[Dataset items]
···

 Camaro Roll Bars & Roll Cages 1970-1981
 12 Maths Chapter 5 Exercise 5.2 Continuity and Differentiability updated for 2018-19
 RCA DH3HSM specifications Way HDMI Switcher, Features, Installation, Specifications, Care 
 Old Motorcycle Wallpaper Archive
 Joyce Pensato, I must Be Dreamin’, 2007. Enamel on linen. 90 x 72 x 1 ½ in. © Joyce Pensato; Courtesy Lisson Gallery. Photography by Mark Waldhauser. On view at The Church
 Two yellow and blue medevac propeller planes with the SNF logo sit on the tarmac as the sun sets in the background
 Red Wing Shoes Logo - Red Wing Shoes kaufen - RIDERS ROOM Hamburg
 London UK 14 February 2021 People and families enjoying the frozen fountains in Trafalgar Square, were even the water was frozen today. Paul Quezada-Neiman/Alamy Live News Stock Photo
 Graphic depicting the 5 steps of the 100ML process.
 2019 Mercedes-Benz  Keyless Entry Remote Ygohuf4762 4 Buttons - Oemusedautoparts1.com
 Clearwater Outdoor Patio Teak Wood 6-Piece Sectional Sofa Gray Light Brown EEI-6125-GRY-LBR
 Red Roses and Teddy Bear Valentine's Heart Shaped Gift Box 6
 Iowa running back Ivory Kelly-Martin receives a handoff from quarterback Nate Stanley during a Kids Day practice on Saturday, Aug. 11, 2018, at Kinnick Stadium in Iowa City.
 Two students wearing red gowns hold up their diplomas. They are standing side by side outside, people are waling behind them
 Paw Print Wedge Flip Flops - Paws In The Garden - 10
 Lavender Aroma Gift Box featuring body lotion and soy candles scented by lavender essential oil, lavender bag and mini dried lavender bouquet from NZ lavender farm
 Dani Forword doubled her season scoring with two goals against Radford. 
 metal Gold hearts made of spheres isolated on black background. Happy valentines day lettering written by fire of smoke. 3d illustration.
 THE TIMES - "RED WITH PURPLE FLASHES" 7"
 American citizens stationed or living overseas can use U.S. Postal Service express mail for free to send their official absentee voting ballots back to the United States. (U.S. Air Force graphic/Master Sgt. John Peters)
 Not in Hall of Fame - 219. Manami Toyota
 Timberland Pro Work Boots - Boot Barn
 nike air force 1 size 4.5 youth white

···

§ Task details
Your answer should consist only of the lines from the one that holds "Not in Hall of Fame - 219. Manami Toyota" to the end of the entries above, both ends included, each repeated exactly.

§ Answer to this problem
 Not in Hall of Fame - 219. Manami Toyota
 Timberland Pro Work Boots - Boot Barn
 nike air force 1 size 4.5 youth white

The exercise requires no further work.